Certbot - Получен новый сеансовый билет после установления связи
В начале переговоров происходит Безопасное повторное согласование НЕ поддерживается . Во время последнего сеансового билета (и, возможно, предыдущего) кажется, что соединение SSL прошло успешно. Не могли бы вы сообщить мне, что здесь происходит? Стоит ли мне беспокоиться об этом, или переговоры можно «улучшить» каким-либо образом?
Кроме того, почему имеют место два Сессионных билетов ? Это нормально?

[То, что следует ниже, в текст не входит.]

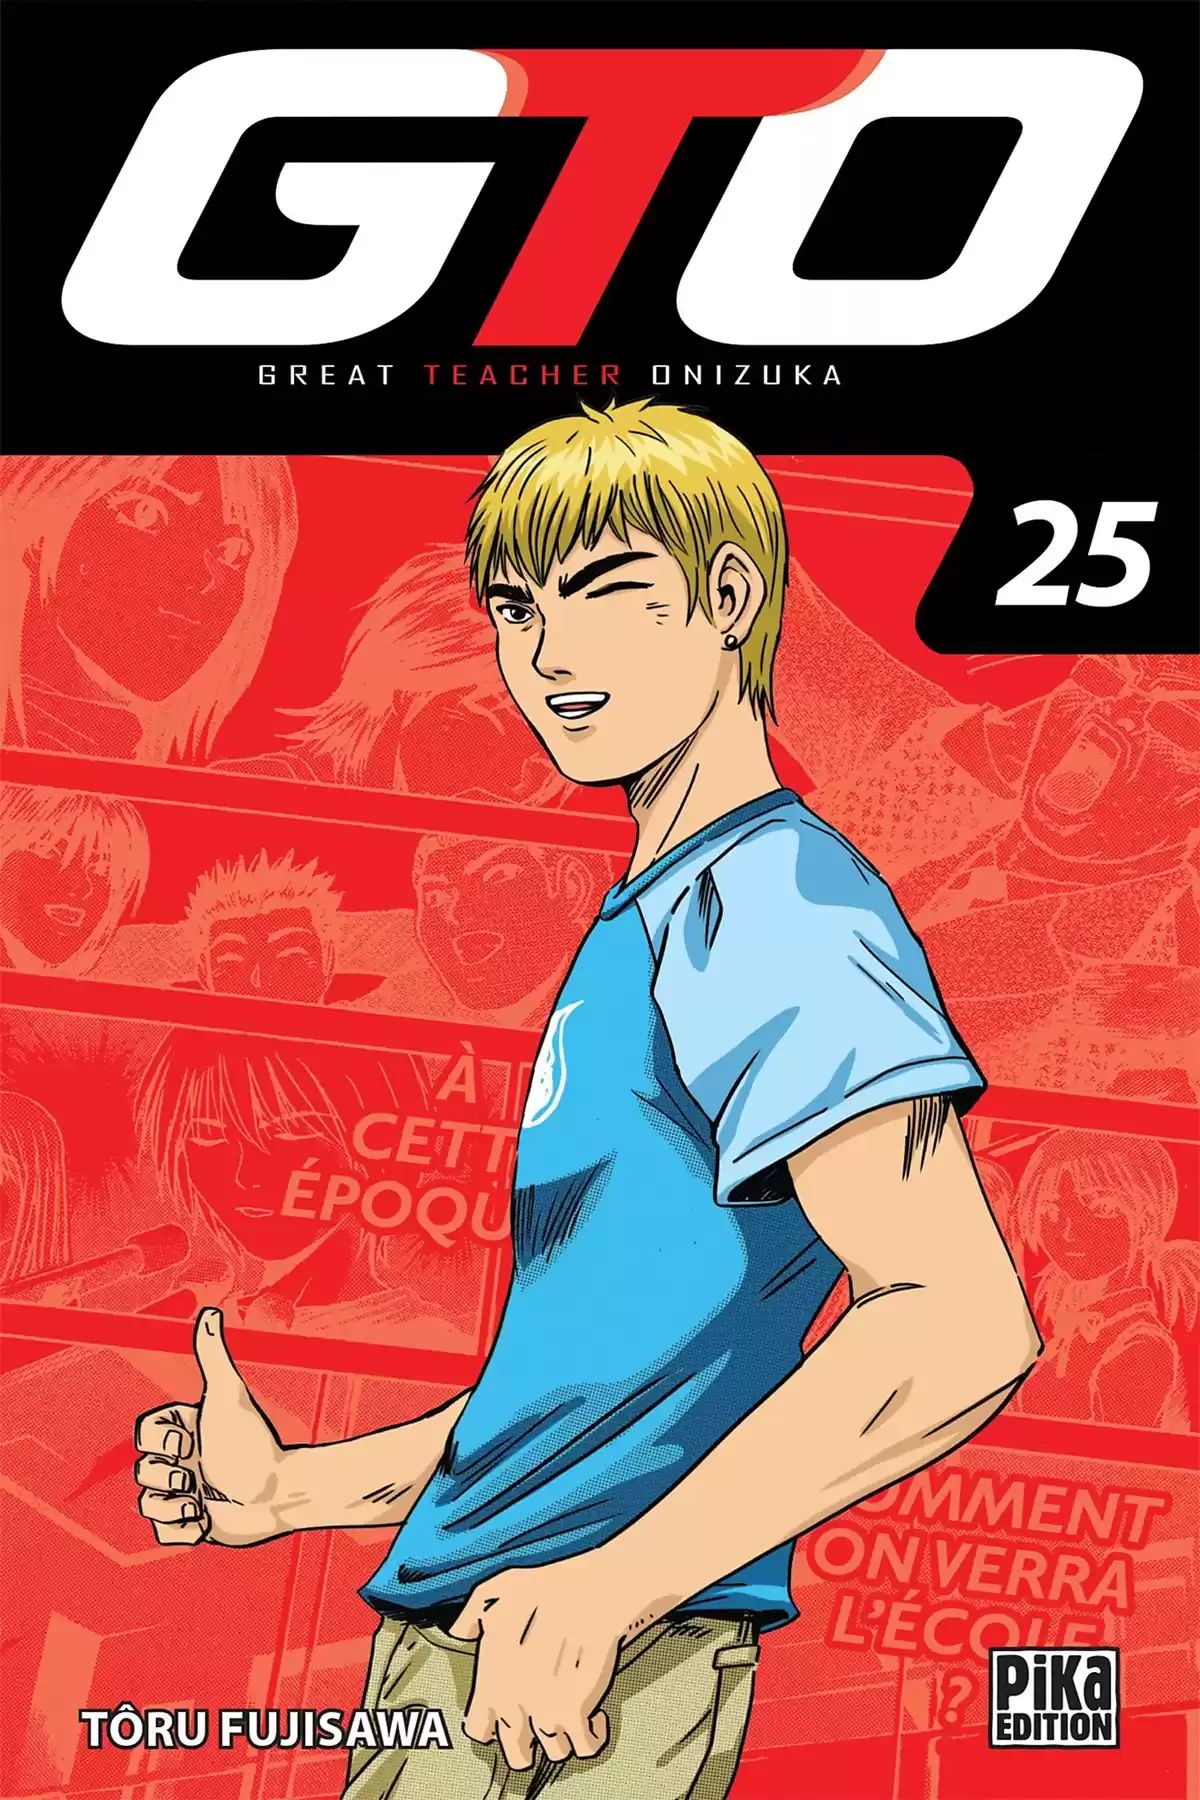 Great Teacher Onizuka Volume 25 page 1

# openssl s_client -connect mail.domainname.com:993
CONNECTED(00000003)
depth=2 O = Digital Signature Trust Co., CN = DST Root CA X3
verify return:1
depth=1 C = US, O = Let's Encrypt, CN = Let's Encrypt Authority X3
verify return:1
depth=0 CN = domainname.com
verify return:1
---
Certificate chain
0 s:CN = domainname.com
i:C = US, O = Let's Encrypt, CN = Let's Encrypt Authority X3
1 s:C = US, O = Let's Encrypt, CN = Let's Encrypt Authority X3
i:O = Digital Signature Trust Co., CN = DST Root CA X3
---
Server certificate
-----BEGIN CERTIFICATE-----
MIIFfTCCBGWgAwIBAgISA3ypOrf4bJNOWeDv4Ie2YB9MMA0GCSqGSIb3DQEBCwUA
...
nqq9VzUEakWQsLfHhNVwUe8=
-----END CERTIFICATE-----
subject=CN = domainname.com
issuer=C = US, O = Let's Encrypt, CN = Let's Encrypt Authority X3
---
No client certificate CA names sent
Peer signing digest: SHA256
Peer signature type: RSA-PSS
Server Temp Key: X25519, 253 bits
---
SSL handshake has read 3148 bytes and written 401 bytes
Verification: OK
---
New, TLSv1.3, Cipher is TLS_AES_256_GCM_SHA384
Server public key is 2048 bit
Secure Renegotiation IS NOT supported
Compression: NONE
Expansion: NONE
No ALPN negotiated
Early data was not sent
Verify return code: 0 (ok)
---
---
Post-Handshake New Session Ticket arrived:
SSL-Session:
Protocol : TLSv1.3
Cipher : TLS_AES_256_GCM_SHA384
Session-ID: 2148B9B6ABD8587E0B0975A132BBAFD41F2FD476396BB26433165D3C
Session-ID-ctx:
Resumption PSK: C5ACAAACC034516A9E7868D4666840A9B1DC7ADBD3CBD466B3A7889082677FB995B6013E7FA7CC2BF0757D2D
PSK identity: None
PSK identity hint: None
SRP username: None
TLS session ticket lifetime hint: 7200 (seconds)
TLS session ticket:
0000 - 35 0c 32 9e 9f 21 39 fc-6c 4d ae 2c c8 cb d3 58 5.2..!9.lM.,...X
...
00d0 - 54 76 45 9a a4 f0 dc e0-6d 2b 7d fa 9a 63 2e 12 TvE.....m+}..c..
Start Time: 1600415053
Timeout : 7200 (sec)
Verify return code: 0 (ok)
Extended master secret: no
Max Early Data: 0
---
read R BLOCK
---
Post-Handshake New Session Ticket arrived:
SSL-Session:
Protocol : TLSv1.3
Cipher : TLS_AES_256_GCM_SHA384
Session-ID: 957C17A0A528F7D53C47CE7C8FDAF0A78E725DBA498D3DF91D39AB54
Session-ID-ctx:
Resumption PSK: 31EDFF053862FD02E7C85973084FA2F26FE8A021F9EDF1DB51100B18B21D2F8A7F5AB7A43899B1A0507DD2E2
PSK identity: None
PSK identity hint: None
SRP username: None
TLS session ticket lifetime hint: 7200 (seconds)
TLS session ticket:
0000 - 35 0c 32 9e 9f 21 39 fc-6c 4d ae 2c c8 cb d3 58 5.2..!9.lM.,...X
...
00d0 - 55 db 93 6b 34 96 9d 95-13 e1 67 c8 5b 27 1c 60 U..k4.....g.['.`
Start Time: 1600415053
Timeout : 7200 (sec)
Verify return code: 0 (ok)
Extended master secret: no
Max Early Data: 0
---
read R BLOCK
* OK [CAPABILITY IMAP4rev1 SASL-IR LOGIN-REFERRALS ID ENABLE IDLE LITERAL+ AUTH=PLAIN AUTH=LOGIN] Dovecot (Ubuntu) ready.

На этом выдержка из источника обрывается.